Use word vectors to mathematically find words with similar meaning

Photography: Nika Charakova

1. Description

        In short, a word vector is nothing but a sequence of real numbers representing the meaning of a natural language word. This technology is an important enabler of useful NLP capabilities, enabling machines to "understand" human language. This article discusses how to use word vectors to programmatically compute the semantic similarity of texts, which is useful, for example, if you need to classify texts according to the topics they cover. It starts with a conceptual view and examples, then shows how to use spaCy, a leading NLP Python library, to determine semantic similarity of text.
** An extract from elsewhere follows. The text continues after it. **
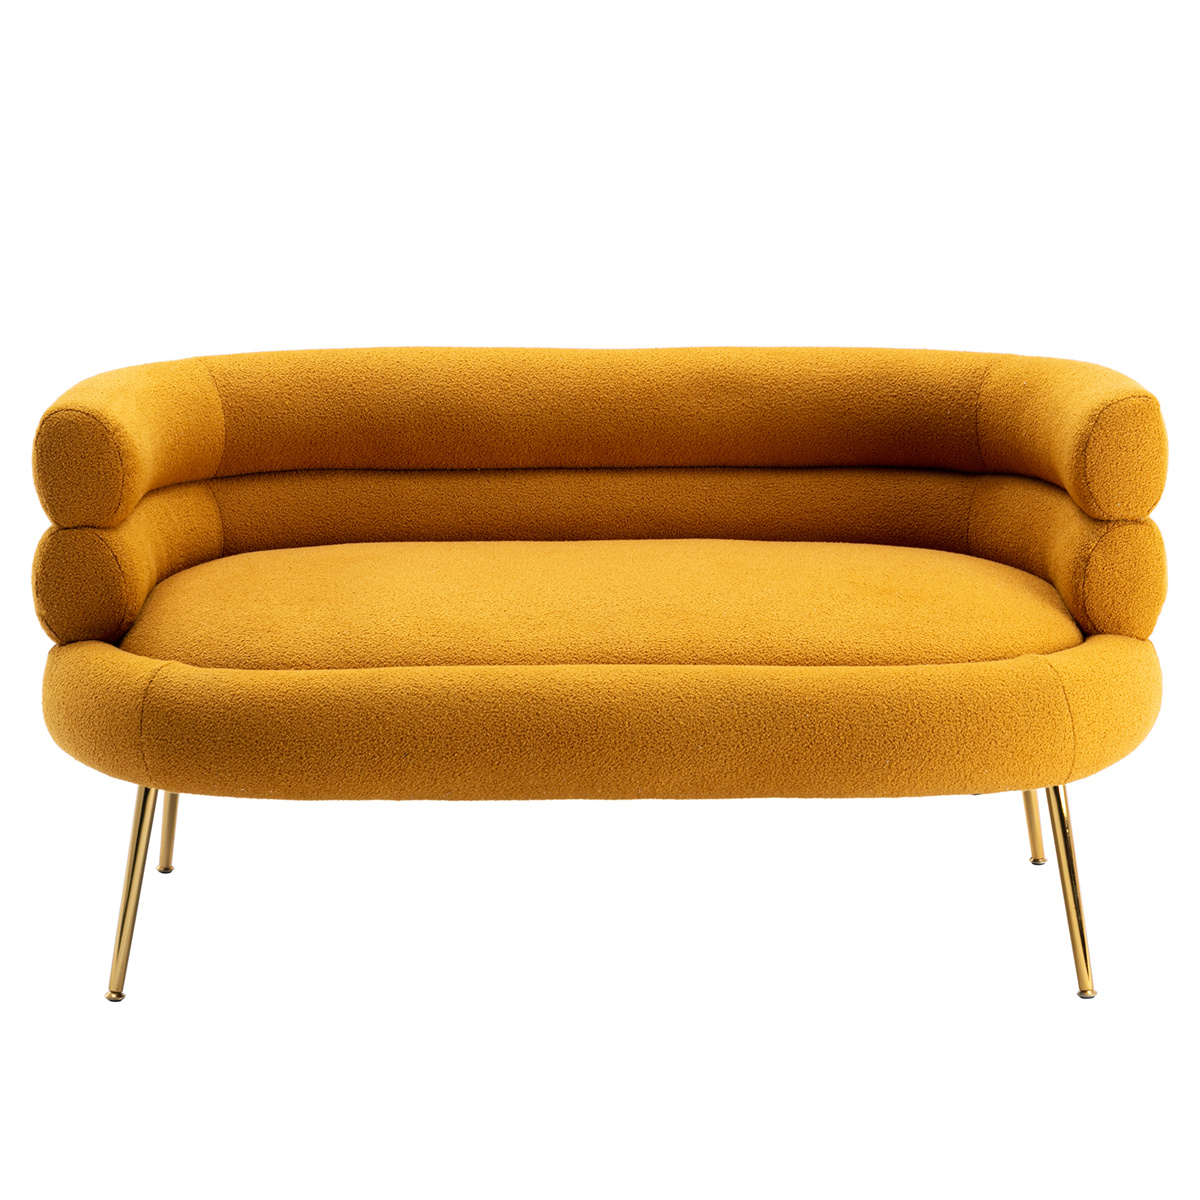 Living Room Accent Sofa, Leisure Loveseat Sofa with Golden Metal Feet, Tufted Chaise Lounge Sofa with Curved Back, Upholstered Sofa Reading Chair for Home Apartment or Office, Mustard - image 4 of 7

2. The concept of word vector

        So let's take a conceptual look at word vectors so you can get a basic idea of ​​how to mathematically compute semantic similarity between words represented in vector form. You'll then look at spaCy's similarity() method, which compares the word vectors of container objects (Doc, Span, Token) to determine how close they are in meaning.

        In statistical modeling, words are mapped to vectors of real numbers that reflect the semantic similarity of words. You can imagine the word vector space as a cloud where word vectors with similar meanings are located nearby. For example, the vector representing the word "apple" should be closer to the vector for the word "pear" than it is for the word "car". Since the first two refer to edible fruits, the latter refers to four-wheeled road vehicles. To generate these vectors, you need to encode the meaning of these words. Actually, there are several ways of encoding meaning.

3. Define meaning with coordinates

        One way to generate meaningful word vectors is to assign real-world objects or categories to each coordinate of the word vector. For example, suppose you are generating word vectors for the following words: Roman, Italian, Athens, and Greek. The word vectors should mathematically reflect the fact that Rome is the capital of Italy and has a different relationship to Italy than Athens. At the same time, they should reflect the fact that Athens and Rome are capitals, and Greece and Italy are states.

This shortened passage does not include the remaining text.